Desde a década de 1990, a esporotricose vem sendo descrita como uma das mais importantes micoses de implantação traumática, tendo apresentado significante mudança no perfil de transmissão, assumindo o status de epidemia no Rio de Janeiro. Apesar disso, segue subnotificada nesse Estado, figurando entre as doenças negligenciadas. Nesse contexto, o felino doméstico (Felis catus) é o principal animal acometido por essa micose, bem como transmissor, representando papel central na forma de transmissão zoonótica4,6. Assim, os felinos domésticos com esporotricose promovem a implantação traumática do fungo no tecido subcutâneo humano e de outros animais e também apresentam manifestação clínica exuberante dessa micose, na maioria dos casos cutânea disseminada. Dado o hábito felino de arranhar troncos de árvores e de outras superfícies e o de enterrar suas fezes, aliados ao de lambedura de seu corpo, as unhas e a nasofaringe/cavidade oral podem abrigar estruturas desse fungo, expondo o animal à infecção, assim como os demais hospedeiros7,8. Os animais doentes, por sua vez, ampliam a contaminação ambiental, sendo preocupante o descarte inapropriado dos cadáveres, prática comumente observada9. Além disso, os Felis catus machos têm por comportamento as brigas por território e também por fêmeas, tornando, assim, os animais em idade reprodutiva ainda mais expostos5,10,11. Atualmente, essa dermatozoonose tem sido reportada em outros estados brasileiros, como Minas Gerais, São Paulo, Paraná e Rio Grande do Sul2,11,12,13,14; entretanto, somente no Rio de Janeiro sua notificação é compulsória.

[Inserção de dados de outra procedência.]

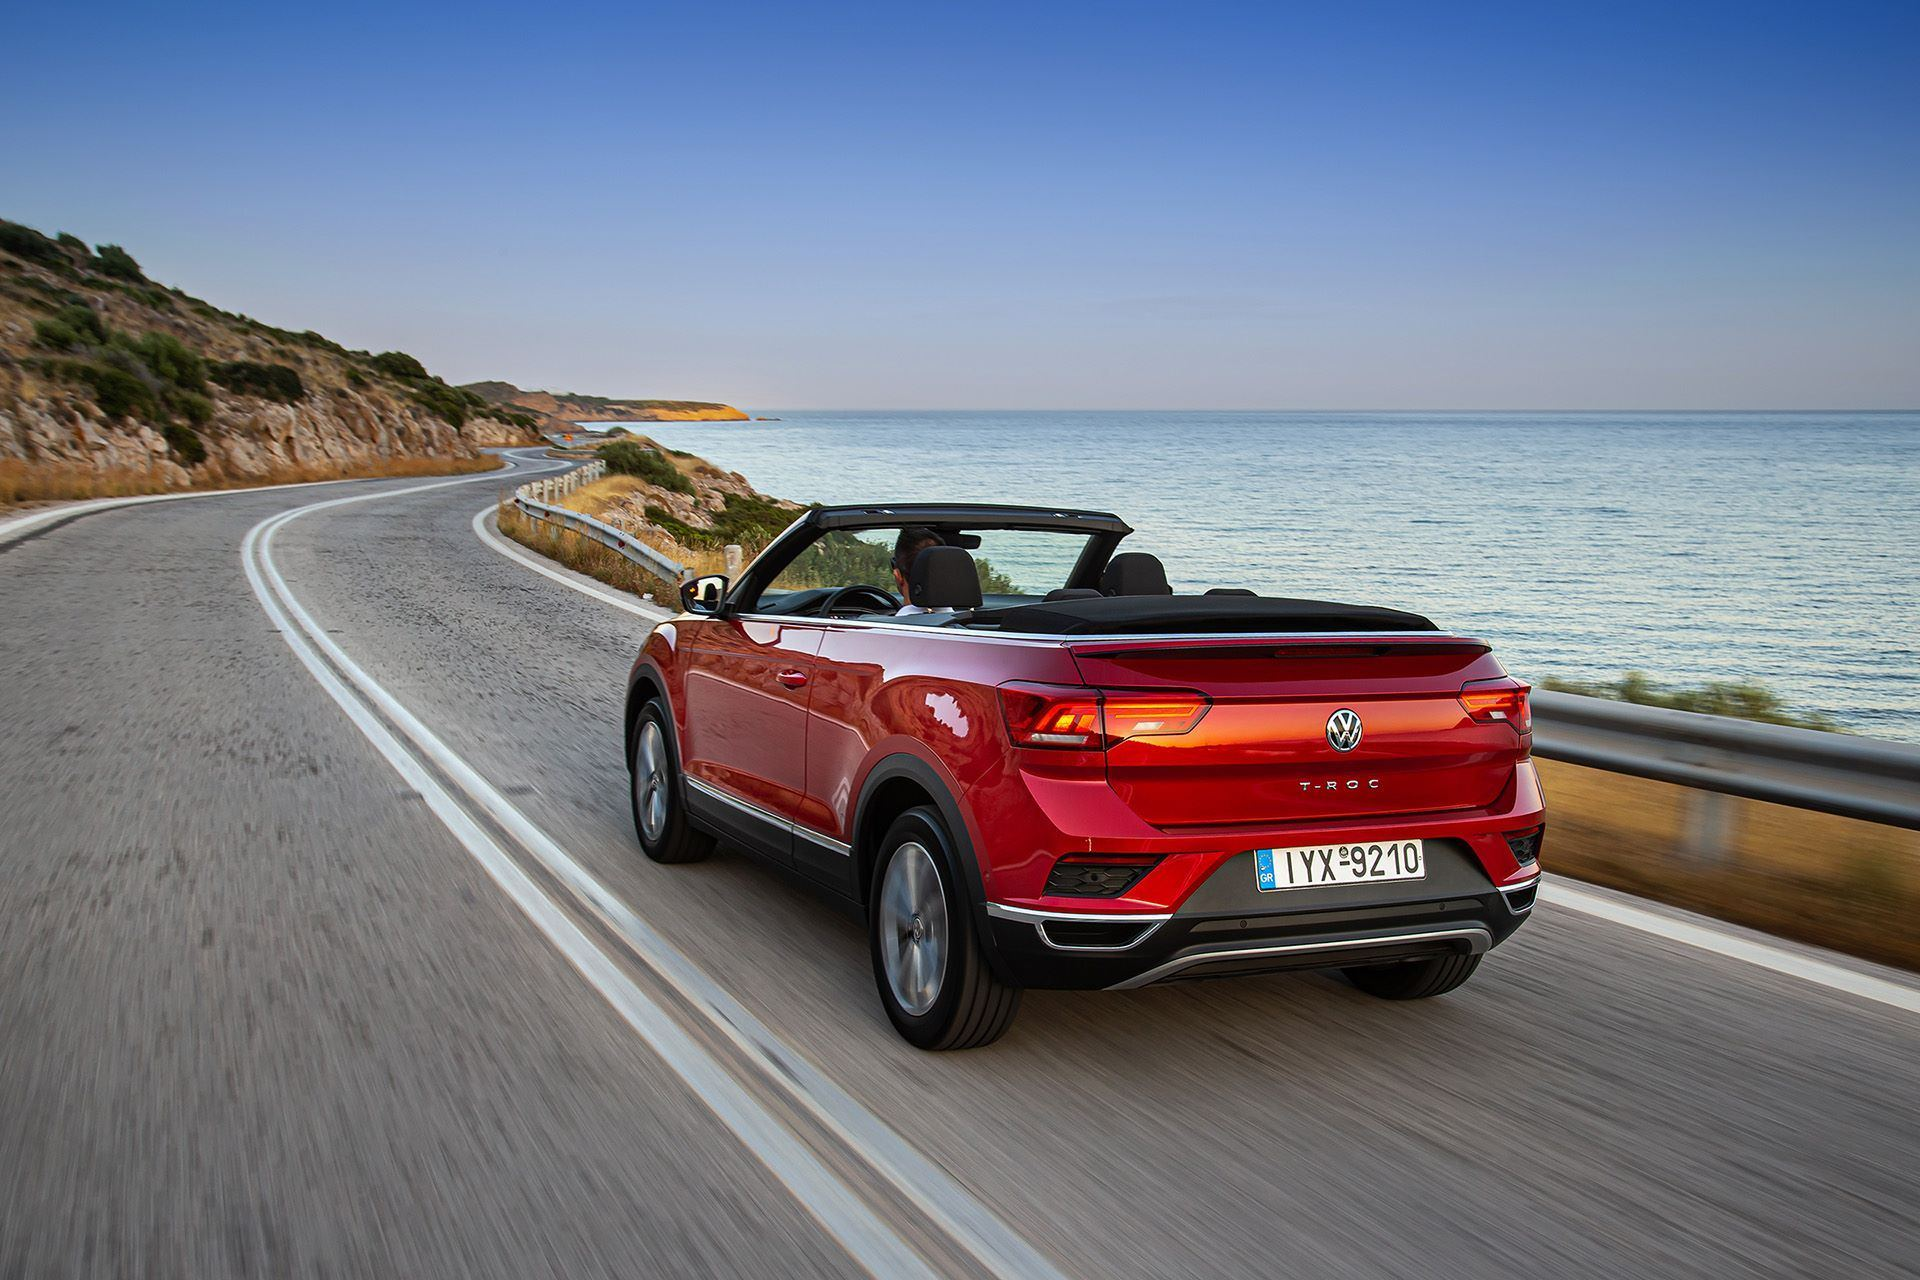 Volkswagen-T-Roc-Cabriolet-Greece-41

Os procedimentos laboratoriais para o diagnóstico da esporotricose já estão bem estabelecidos, e o isolamento em cultura dos fungos do complexo S. schenckii constitui o padrão-ouro, que deve ser seguido da identificação macro e micromorfológicas e da prova de termoconversão in vitro. Na prática clínica veterinária, no entanto, o diagnóstico citopatológico é utilizado rotineiramente, elaborado a partir do imprint das lesões de gatos domésticos em lâmina de vidro, corado pelo Panótico Rápido (bateria de corantes em que há predominância de tons vermelhos, pH ácido e azulados, pH básico, que cora as células em 1 min), evidenciando estruturas leveduriformes abundantes, internalizadas ou não, nos fagócitos5,7,15. Apesar desse segundo método representar uma alternativa diagnóstica rápida, de fácil execução e de baixo custo, sendo, portanto, frequentemente empregado na rotina clínica veterinária, é considerado presuntivo. A cultura micológica, por sua vez, apresenta limitações relacionadas à impossibilidade de processamento do espécime clínico no local do atendimento ambulatorial, custo mais elevado e o maior tempo para a liberação dos resultados (cerca de 20 dias)3.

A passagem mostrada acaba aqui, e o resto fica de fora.